#### WHAT THE TASK ASKS
Exclude the images and repeat all remaining entries exactly.

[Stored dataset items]

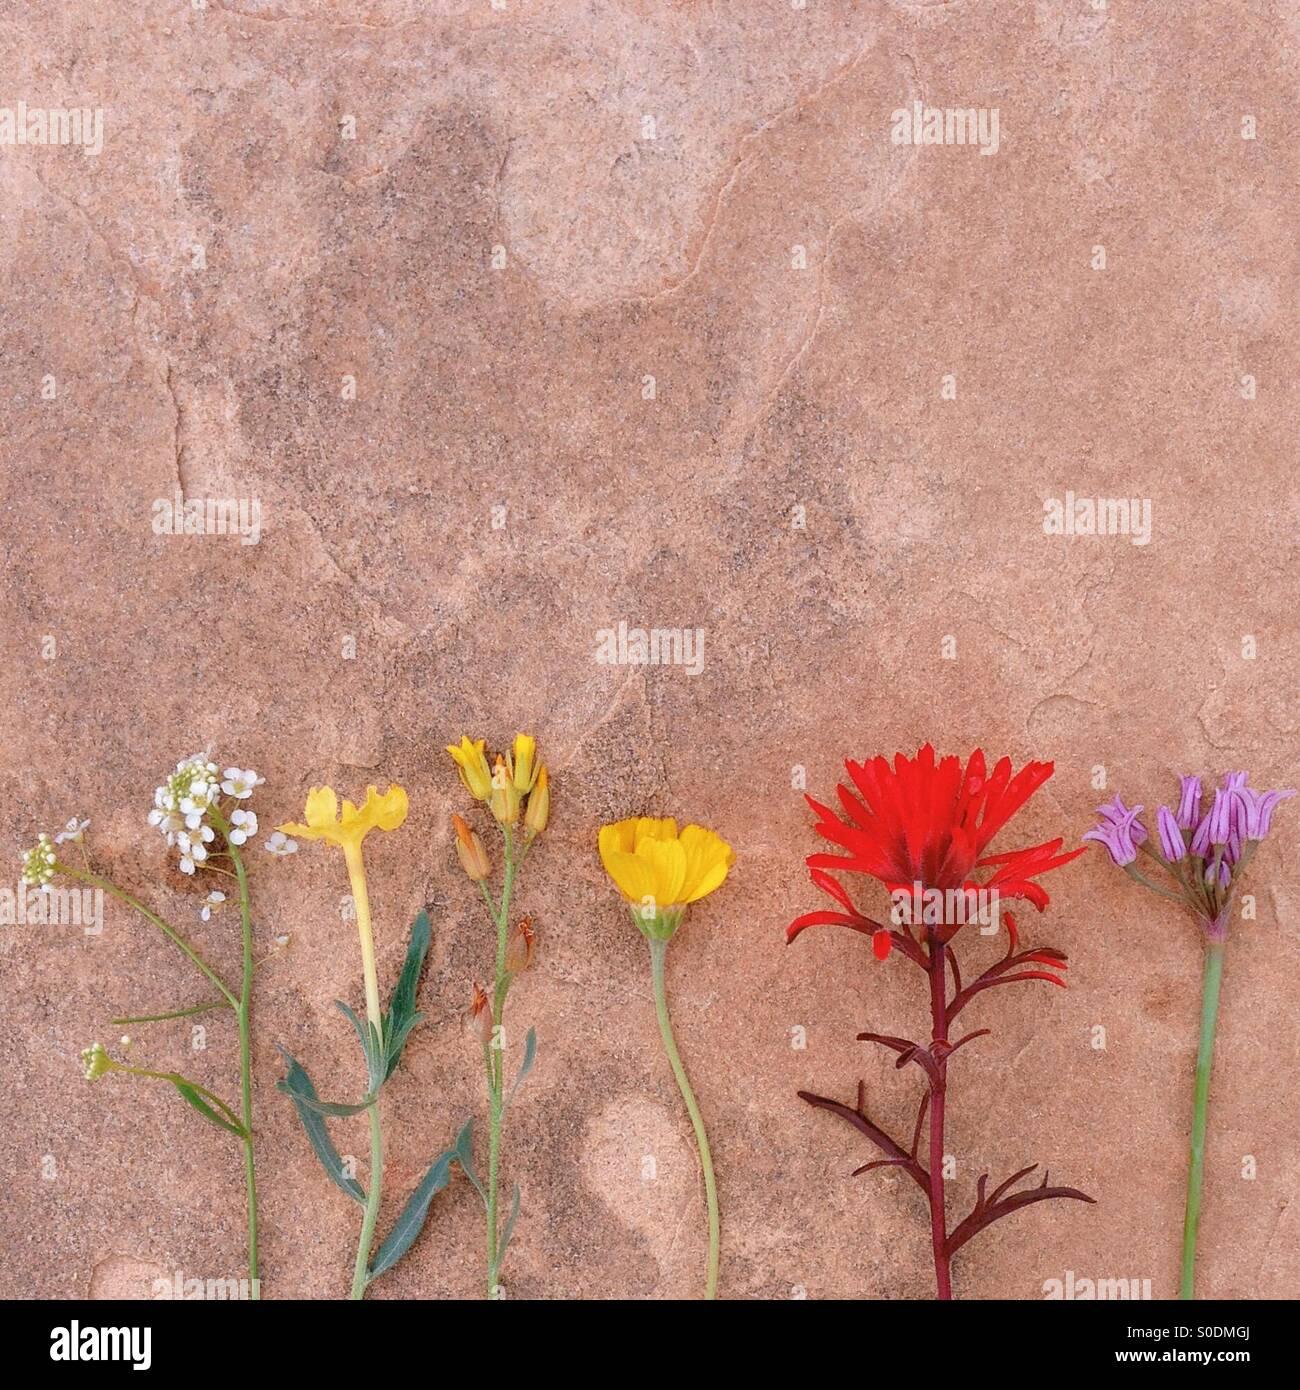 Flore du désert Photo Stock
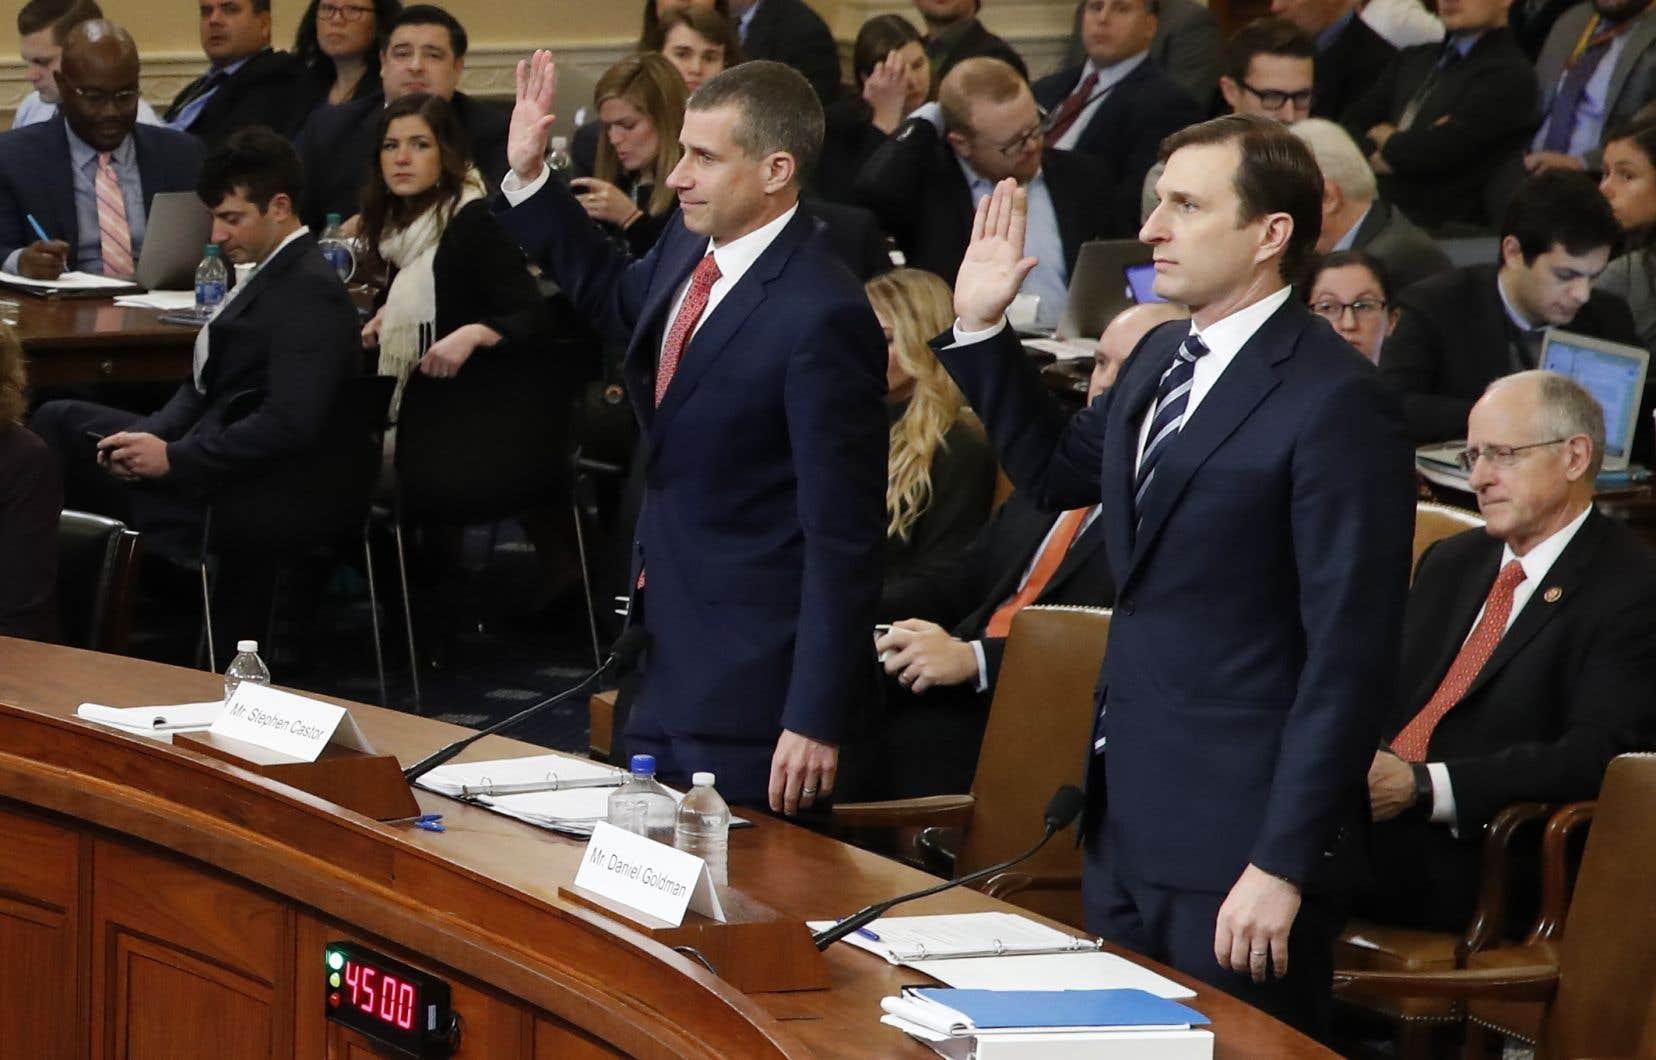 Les juristes Steve Castor et Daniel Goldman, qui représentent respectivement la minorité républicaine et la majorité démocrate, prêtent serment devant la commission judiciaire du Congrès.
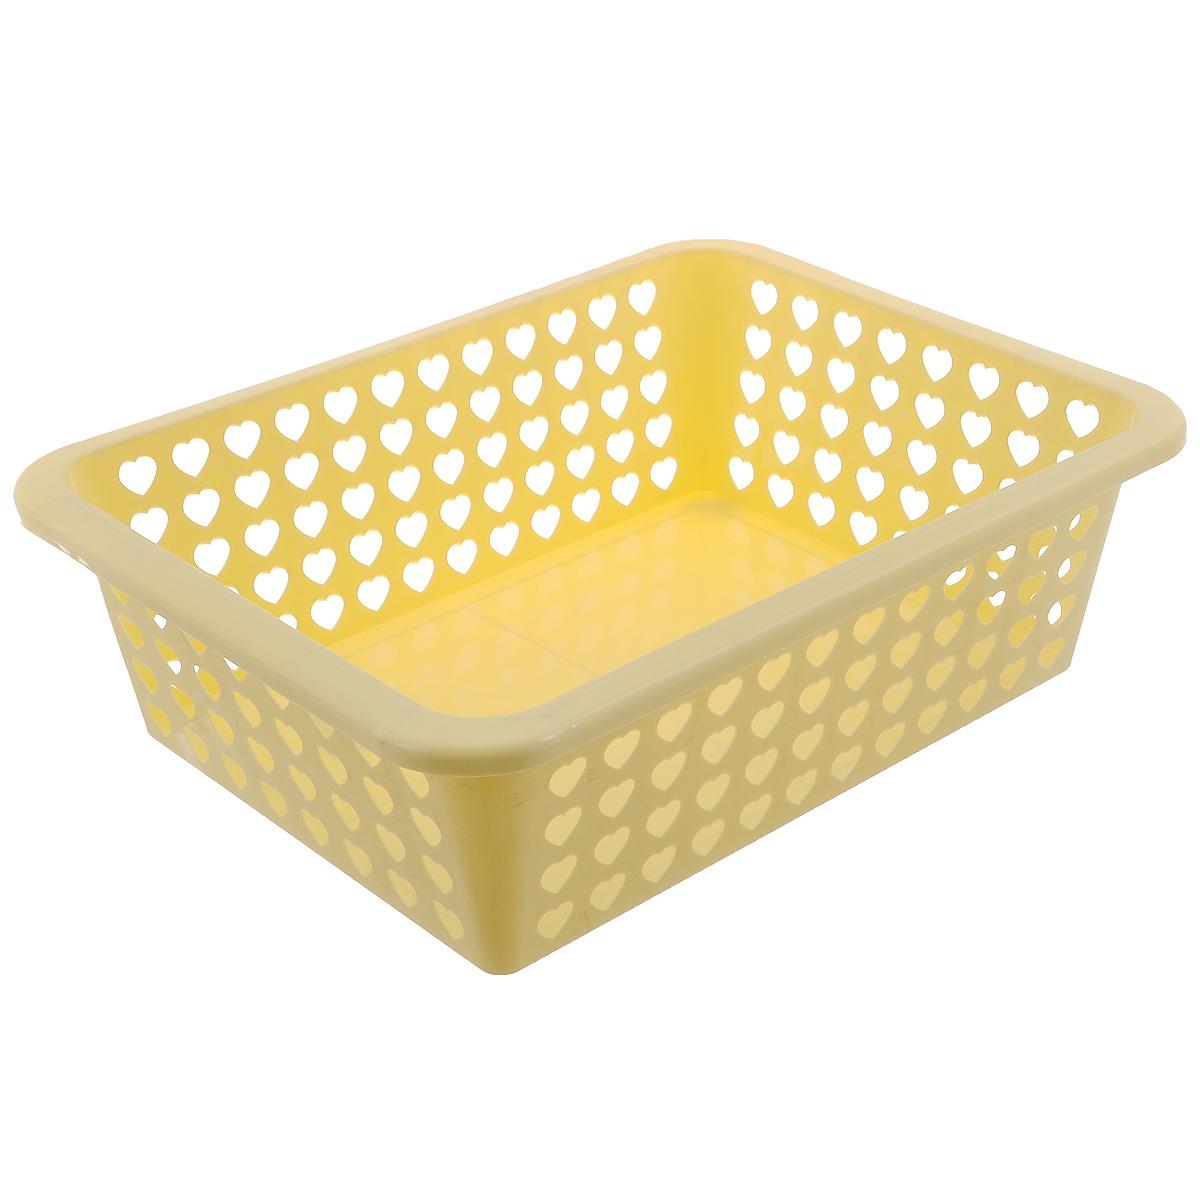 Корзина Альтернатива Вдохновение, цвет: желтый, 39,5 х 29,7 х 12 смPR-2WКорзина Альтернатива Вдохновение выполнена из пластика и оформлена перфорацией в виде сердечек. Изделие имеет сплошное дно и жесткую кромку. Корзина предназначена для хранения мелочей в ванной, на кухне, на даче или в гараже. Позволяет хранить мелкие вещи, исключая возможность их потери.
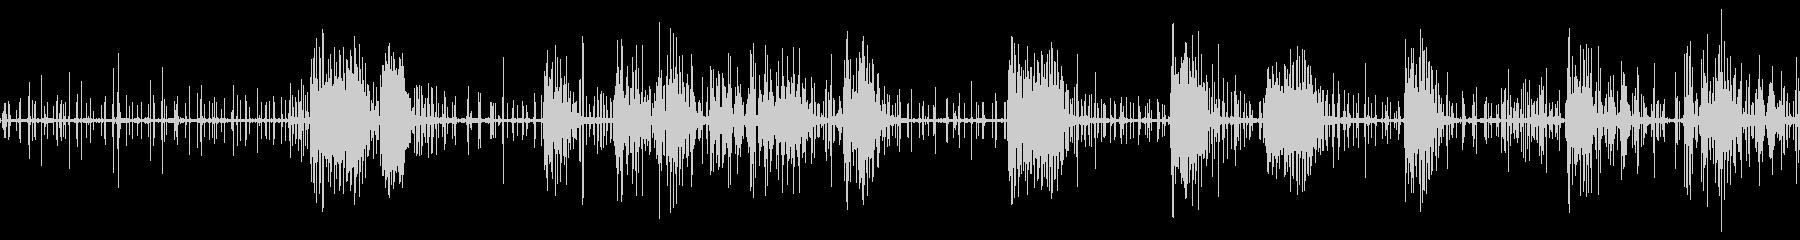 モンスター 蟲 クリーチャー 摩擦音の未再生の波形
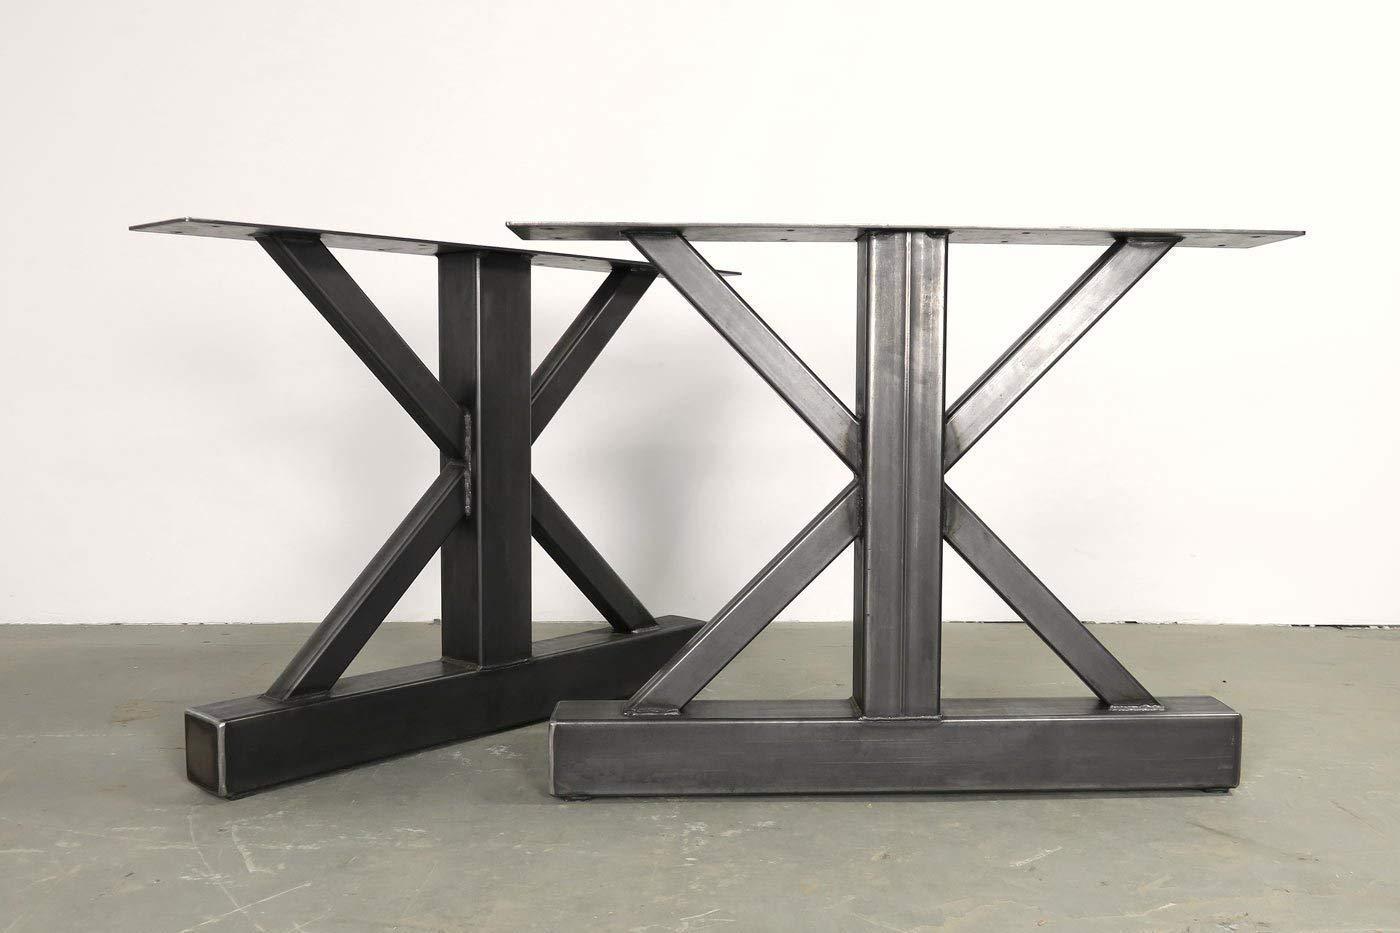 Metal Table Legs 28 Inch Table Base Dining Table Legs Custom Sizes Table Base Industrial Table Base Farmhouse Table Legs Handmade
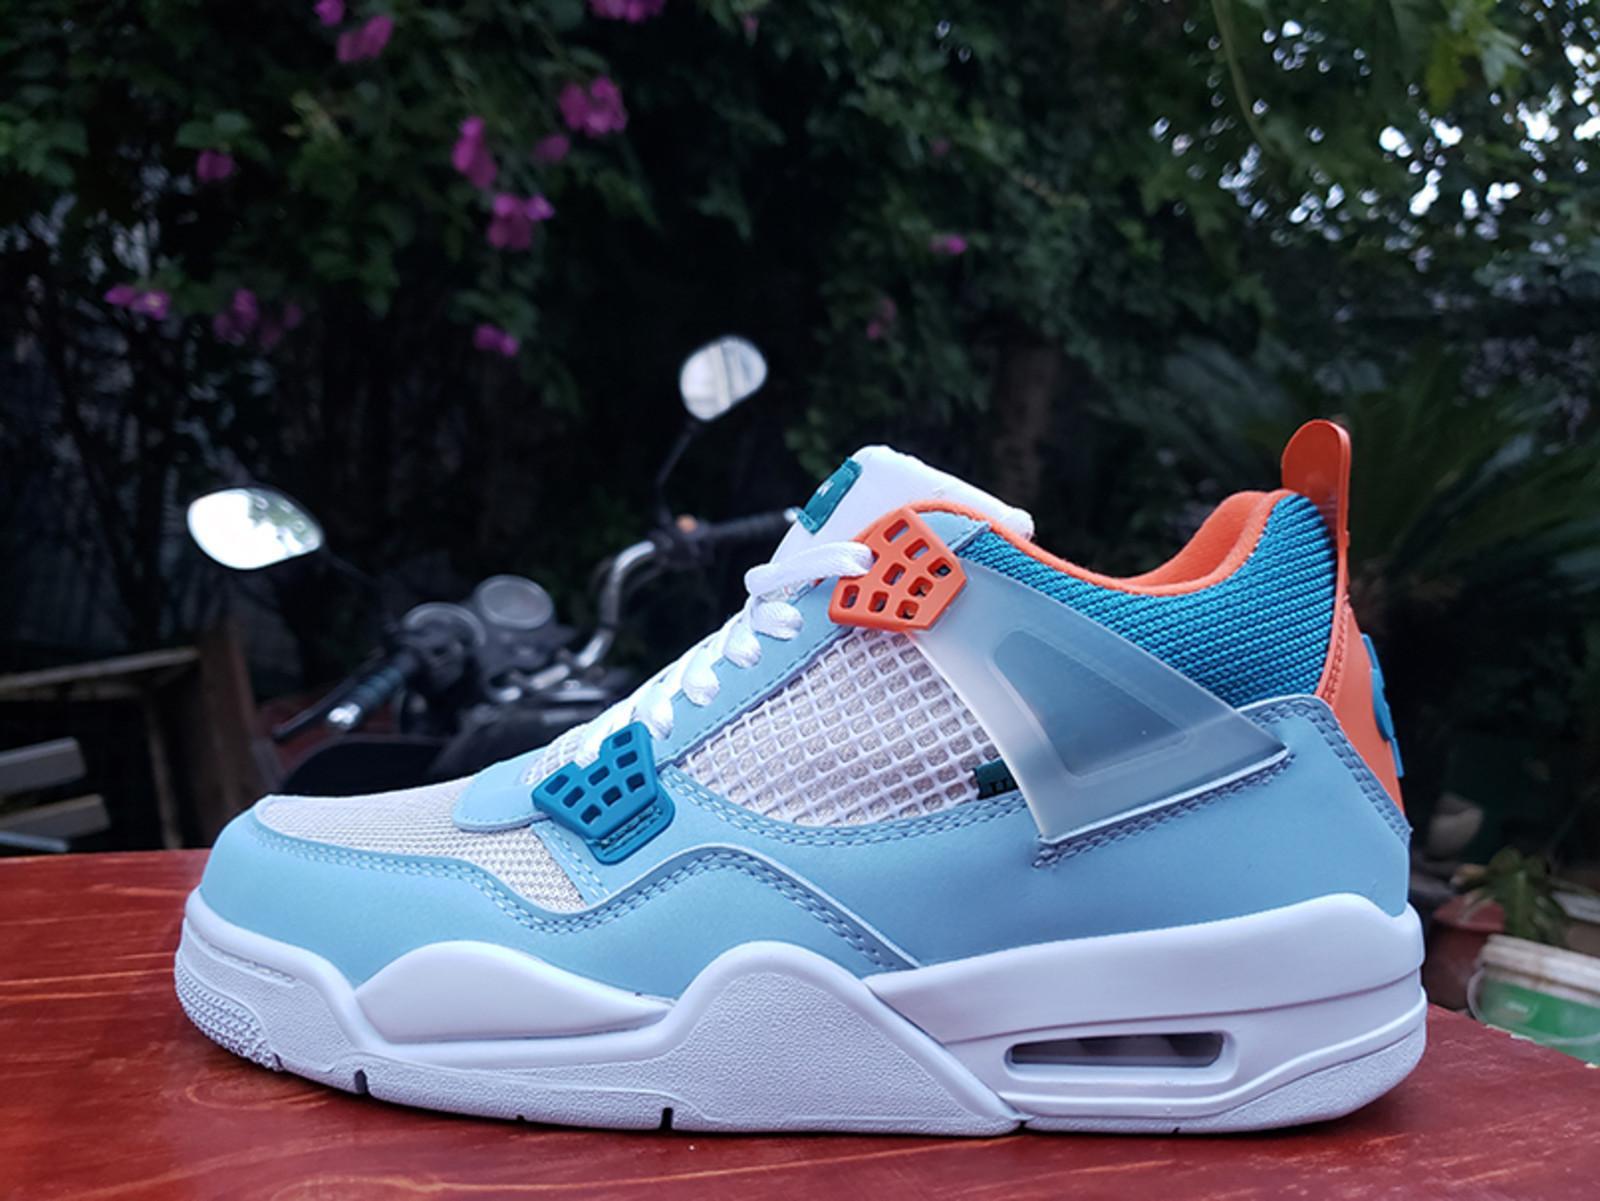 Оптовая продажа нового профсоюза 4 мужская баскетбольная обувь синий розовый 4S La Mens Trainers спортивные кроссовки размером 7-12

#### ANSWER BELOW
 Flore du désert Photo Stock
 Les juristes Steve Castor et Daniel Goldman, qui représentent respectivement la minorité républicaine et la majorité démocrate, prêtent serment devant la commission judiciaire du Congrès.
 Корзина Альтернатива Вдохновение, цвет: желтый, 39,5 х 29,7 х 12 смPR-2WКорзина Альтернатива Вдохновение выполнена из пластика и оформлена перфорацией в виде сердечек. Изделие имеет сплошное дно и жесткую кромку. Корзина предназначена для хранения мелочей в ванной, на кухне, на даче или в гараже. Позволяет хранить мелкие вещи, исключая возможность их потери.
 モンスター 蟲 クリーチャー 摩擦音の未再生の波形
 Metal Table Legs 28 Inch Table Base Dining Table Legs Custom Sizes Table Base Industrial Table Base Farmhouse Table Legs Handmade
 Оптовая продажа нового профсоюза 4 мужская баскетбольная обувь синий розовый 4S La Mens Trainers спортивные кроссовки размером 7-12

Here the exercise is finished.